- [WHAT YOU HAVE TO DO]: Please give back, exactly as written, the lines from the line with "Proactiv brand new boxes" to the line with "Very Peri beautiful" in the listing below, leaving out all pictures.

START DATASET EXCERPTS

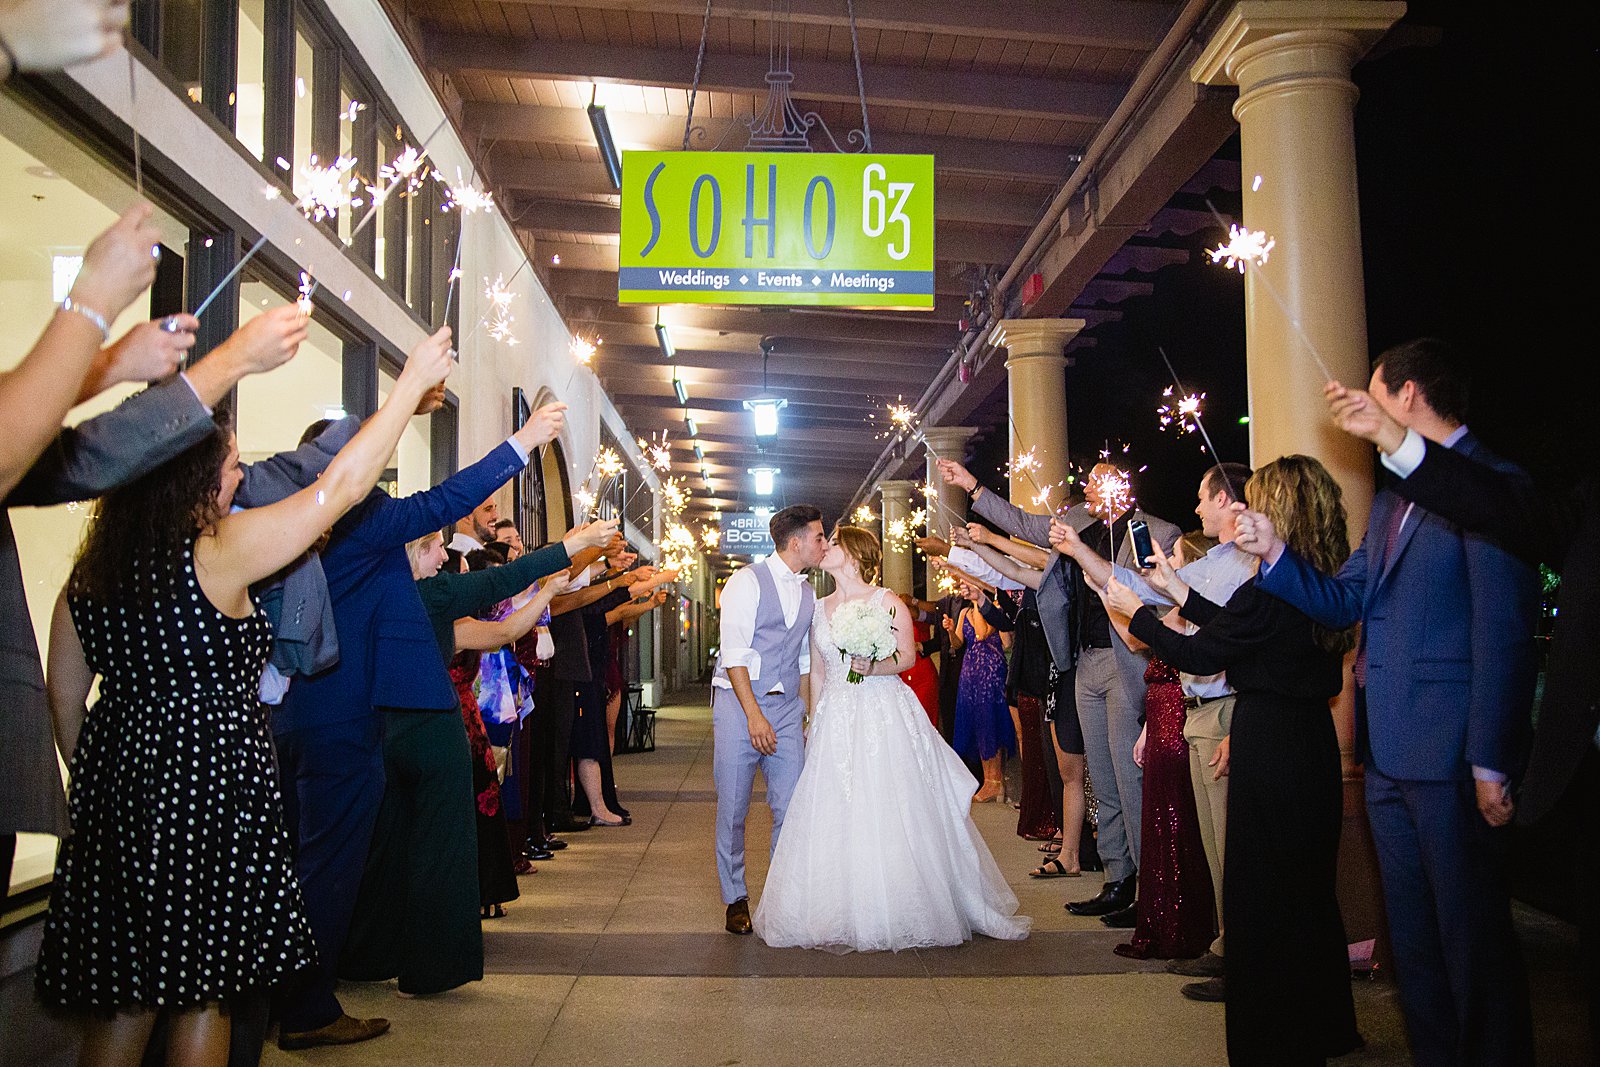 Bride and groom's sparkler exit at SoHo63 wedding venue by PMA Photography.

END DATASET EXCERPTS
START DATASET EXCERPTS

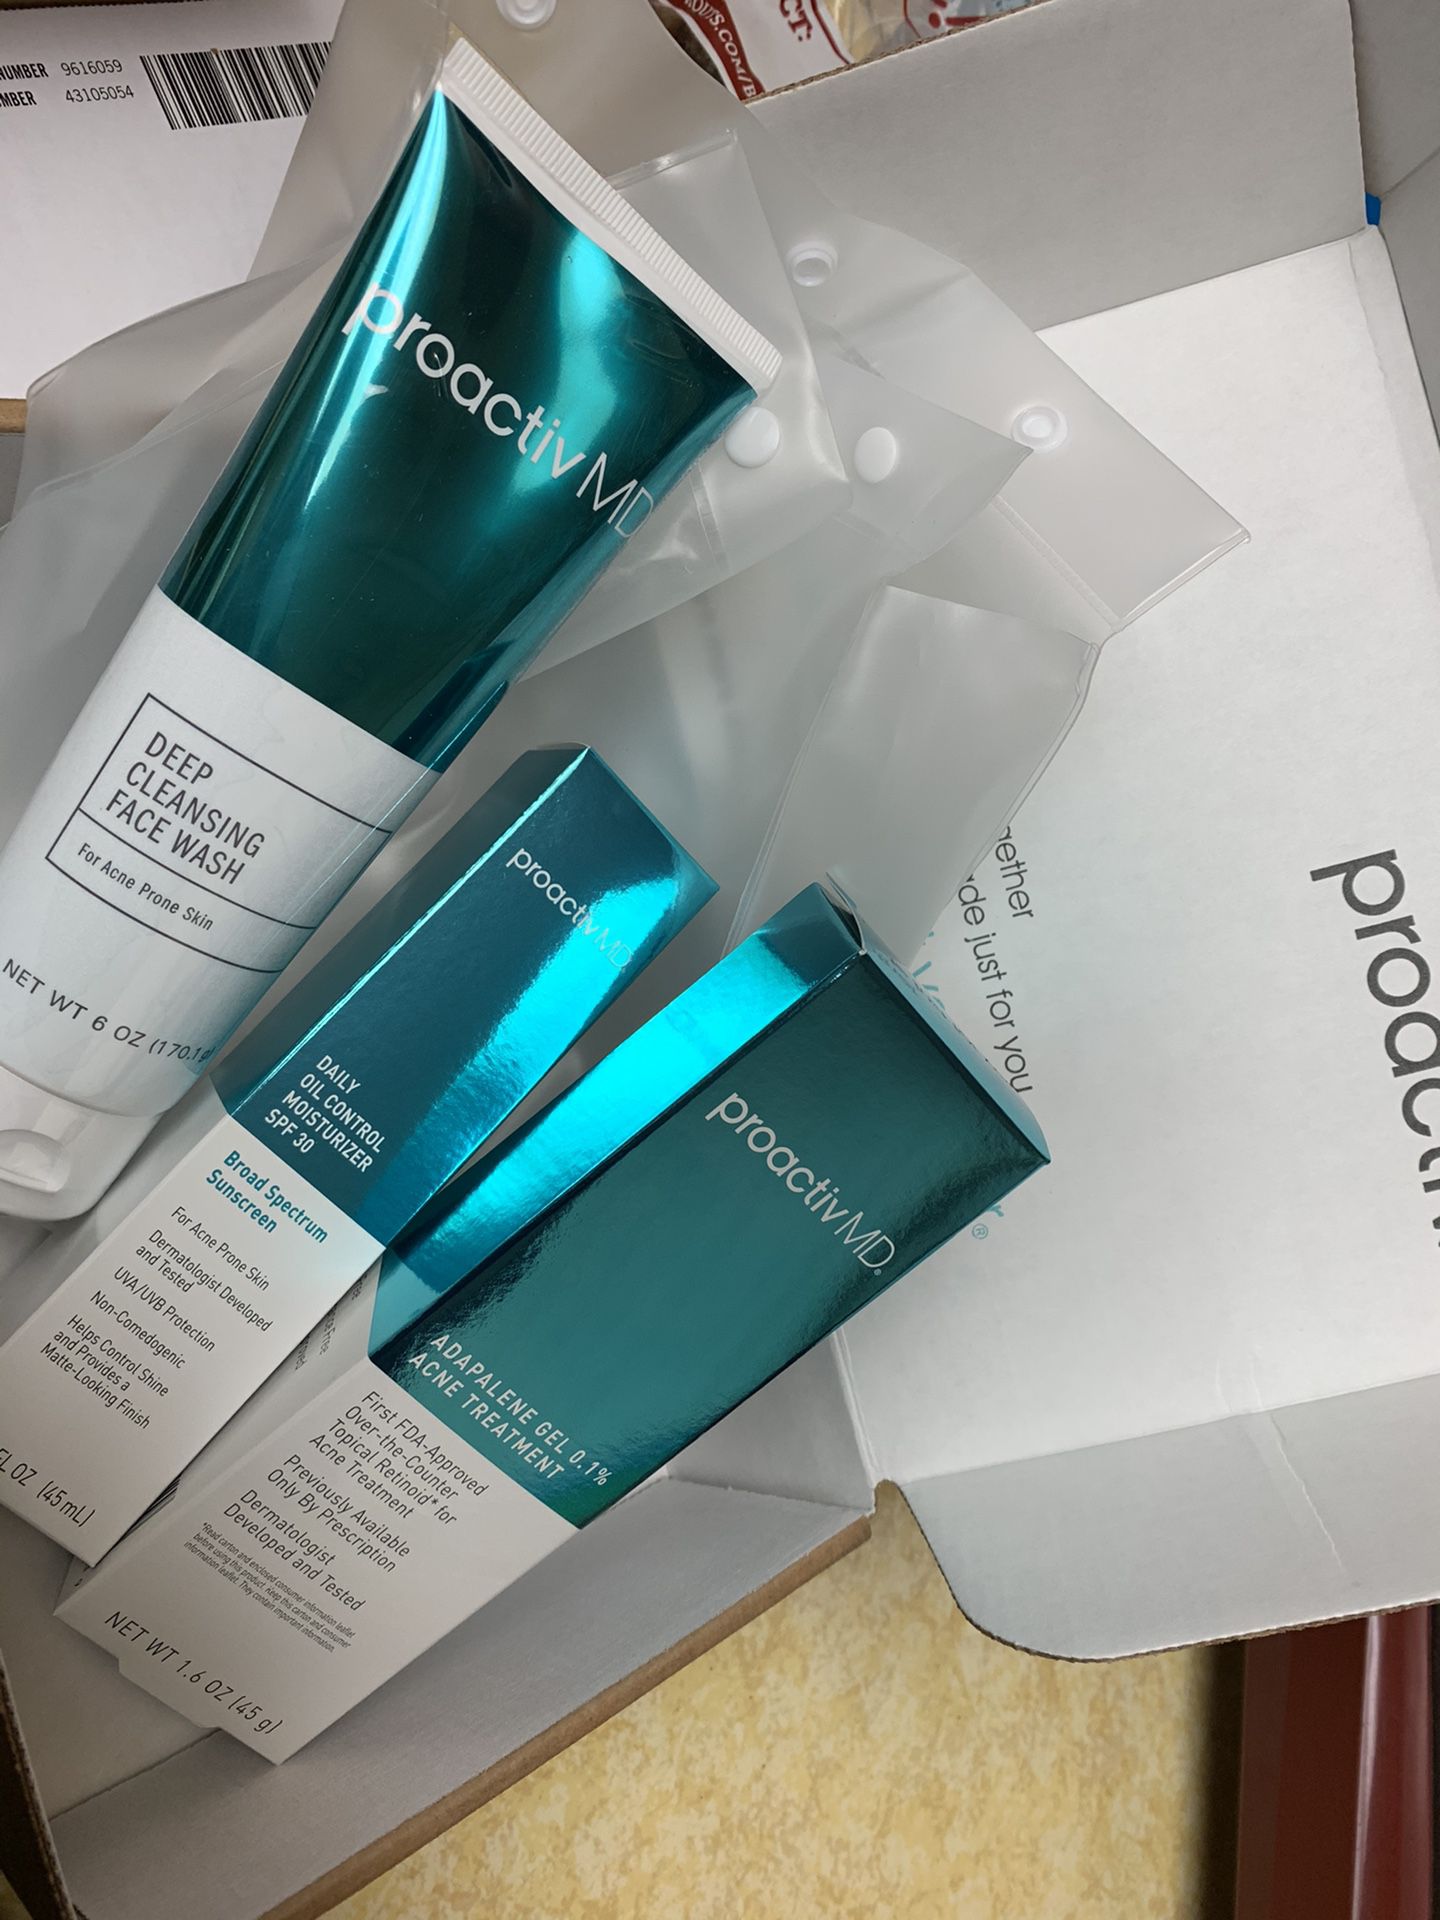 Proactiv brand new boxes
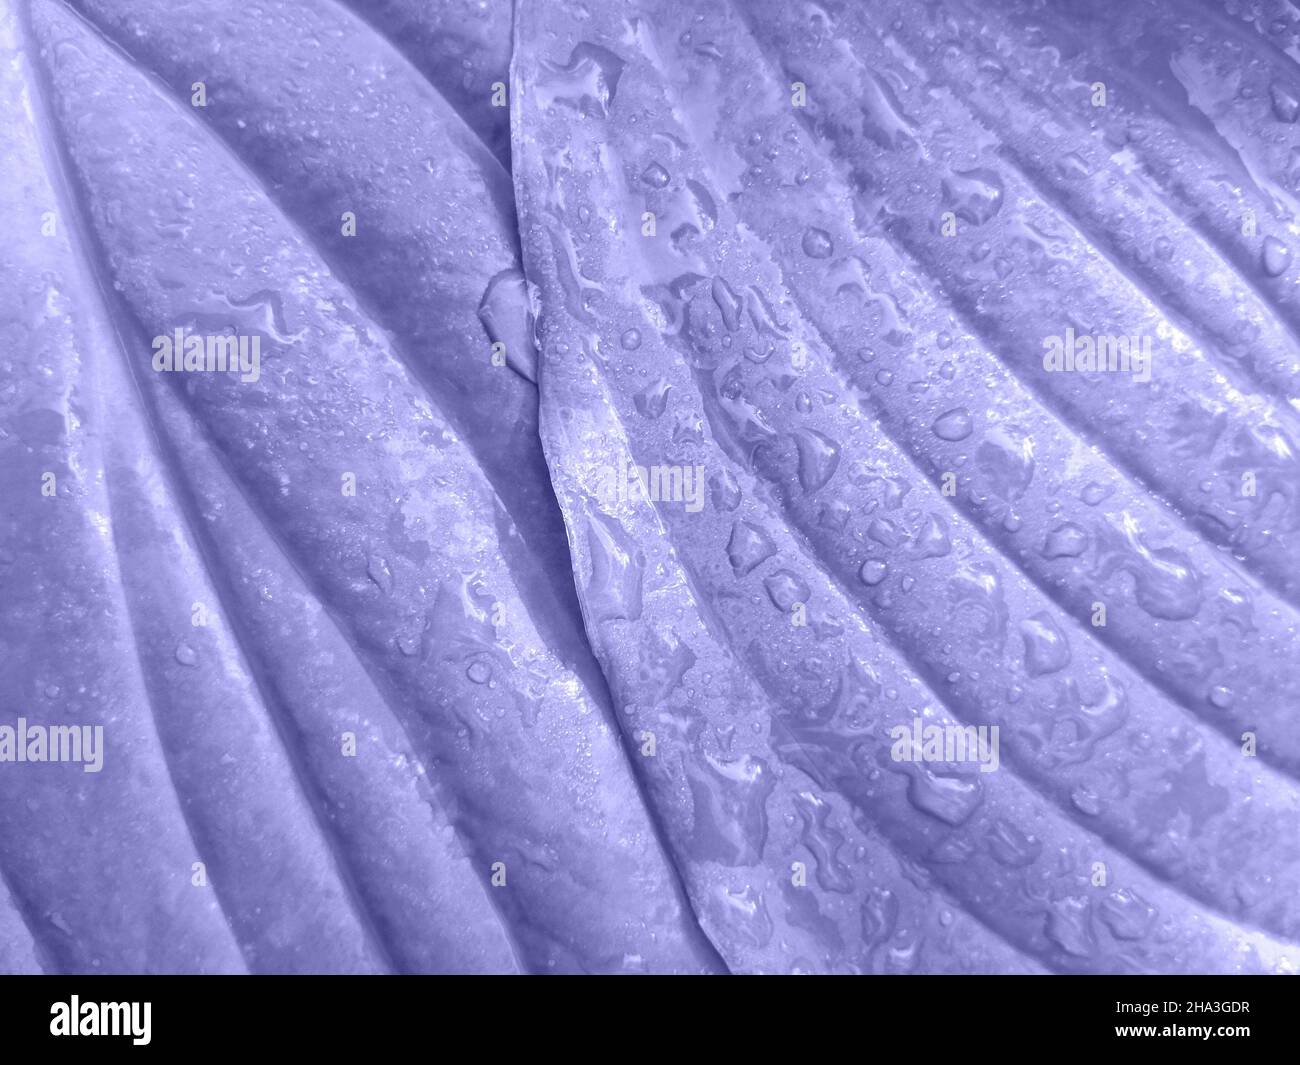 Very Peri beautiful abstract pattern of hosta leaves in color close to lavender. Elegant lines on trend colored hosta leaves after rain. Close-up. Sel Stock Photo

END DATASET EXCERPTS

- [RESPONSE TO THE EXERCISE]:
 Proactiv brand new boxes
 Very Peri beautiful abstract pattern of hosta leaves in color close to lavender. Elegant lines on trend colored hosta leaves after rain. Close-up. Sel Stock Photo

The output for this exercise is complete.